Today when asked what she would say to those debating whether to immunize their children or themselves against whooping cough, Zoraida doesn’t hesitate to answer,

“I understand people don’t want to see their child hurt. I hurts me to see Itzbell cry after a shot, BUT to see her suffer, to see her with an IV and tubes…to worry whether she’s going to make it. One or two pokes rather than 15 in the hospital.”

Zoraida’s message is clear – immunize

whooping cough, pertussis What can I do?
Make sure you and your children are protected and make sure you’re not going to give it to others.

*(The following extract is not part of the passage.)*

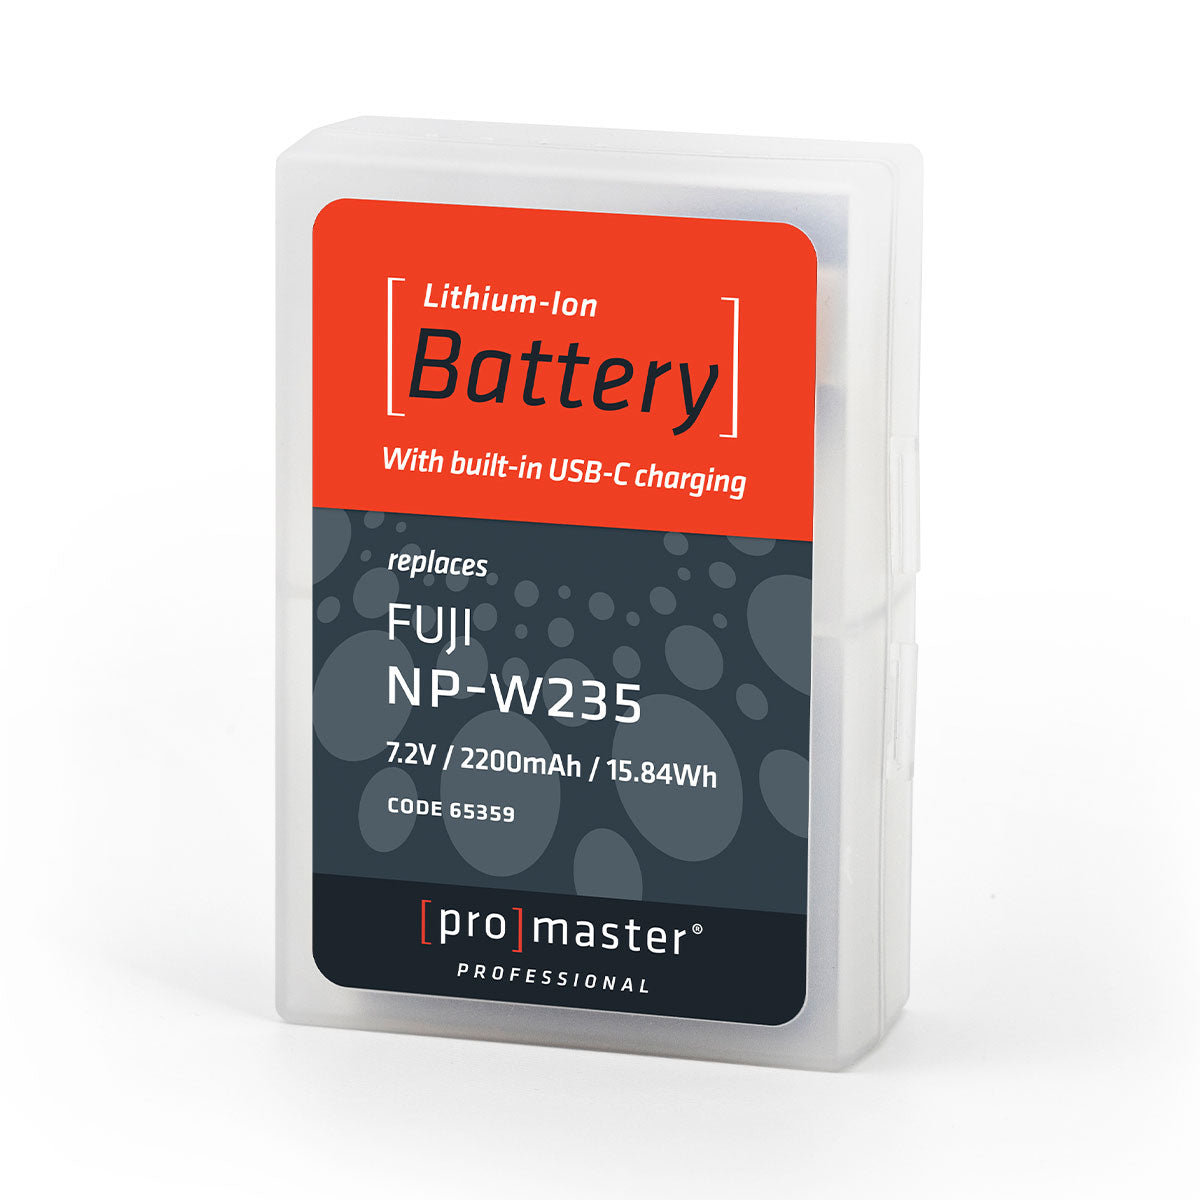 ProMaster NP-W235 Li-ion Battery with USB-C Charging for Fuji
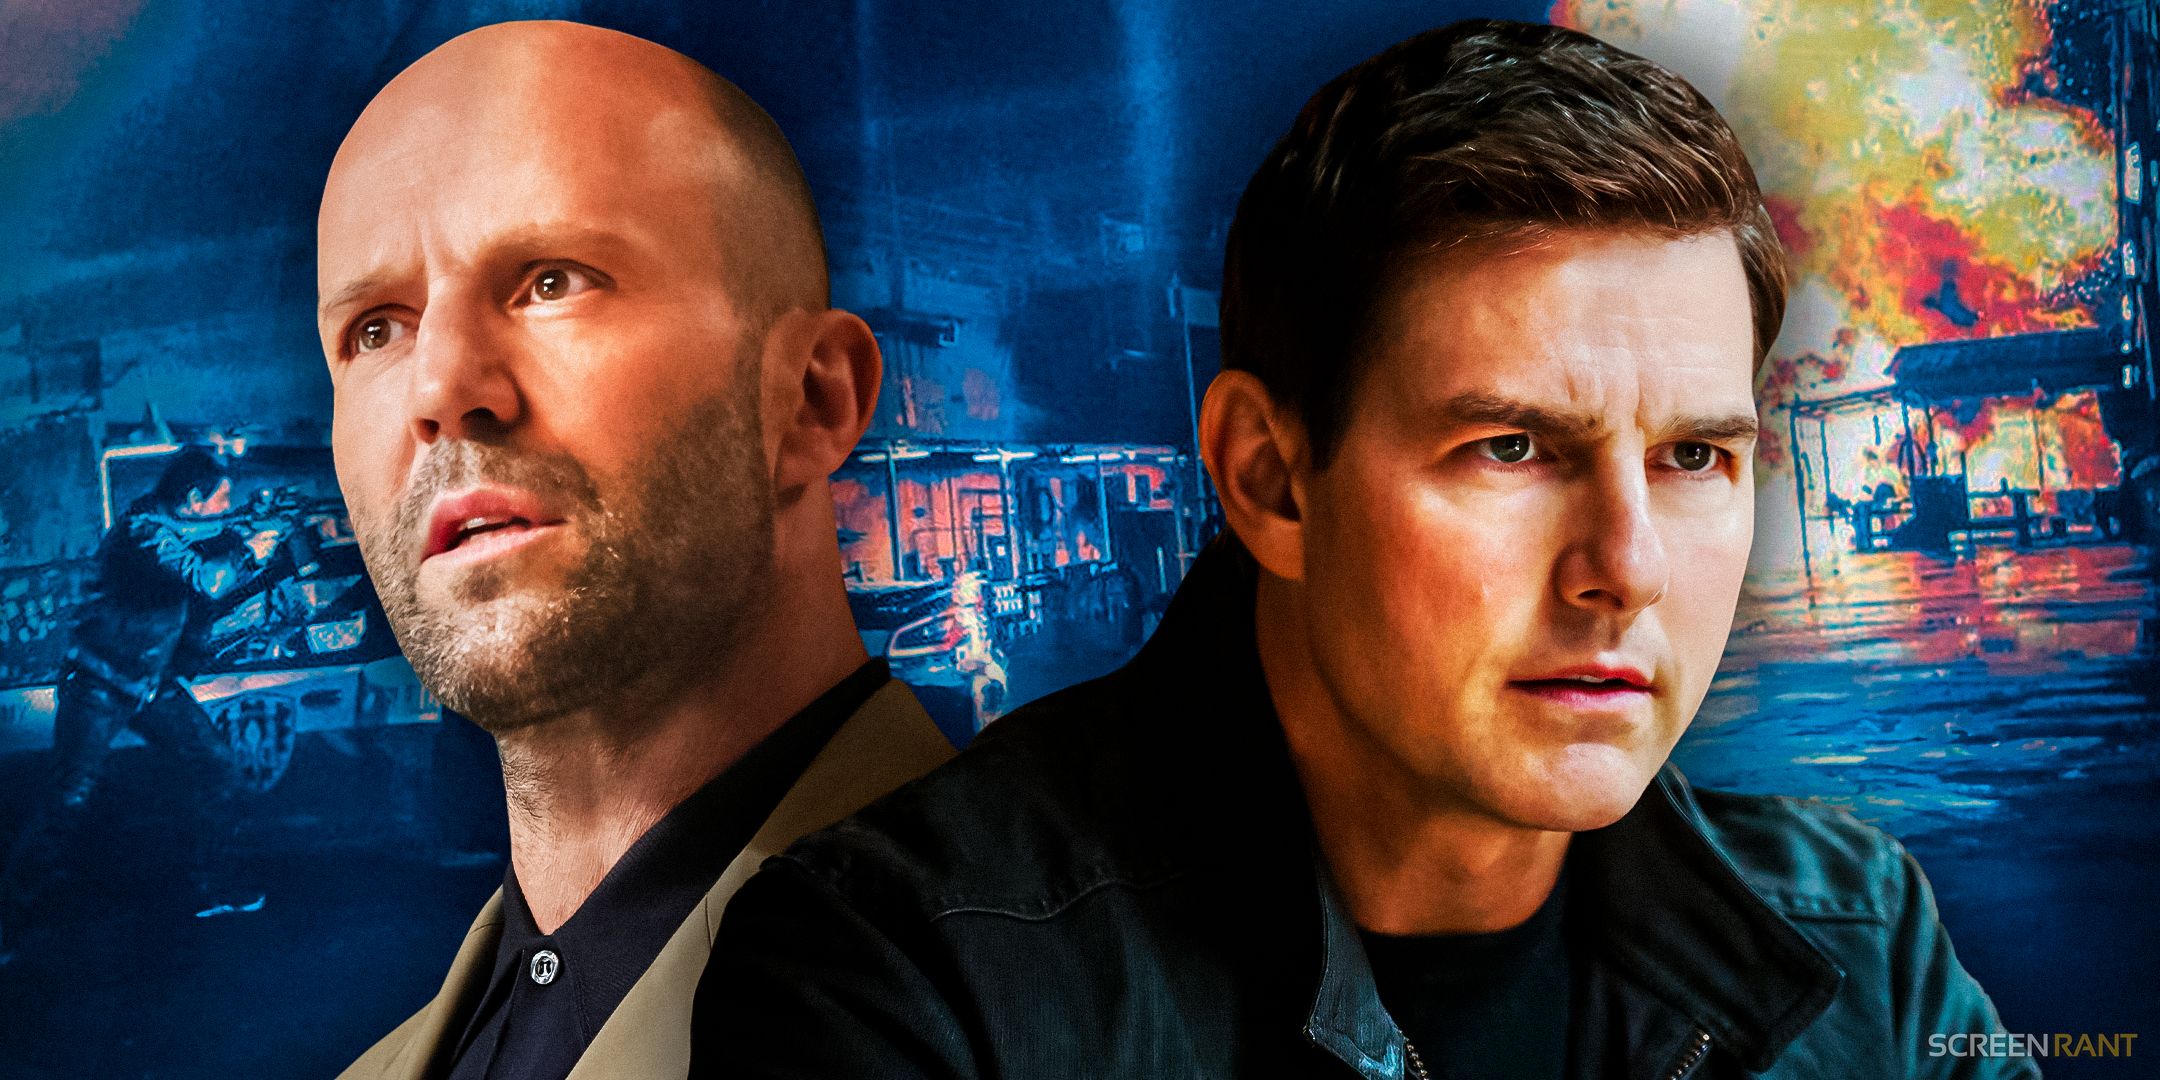 Jason Statham as Orson from Operation Fortune Ruse de Guerre and Tom Cruise as Jack Reacher from Never Go Back

  1. If your baby that is not yet able to have the vaccines, insist that visitors not visit when sick and that anyone close to baby is up to date on their vaccines. The vaccine does wane after several years
  1. Make sure your children get a booster shot by 11 years old to protect against whooping cough, diphtheria, and tetanus.
  2. Adults.
    When you get your every 10-year tetanus and diphtheria vaccine make sure it includes vaccination again whooping cough. T-dap.
    This doesn’t just protect you, but also the risk of transmitting whooping cough to infants.

Pregnant women:
It is recommended by the Centers for Disease Control that pregnant women receive the pertussis vaccine between 27 weeks and 36 weeks of gestation.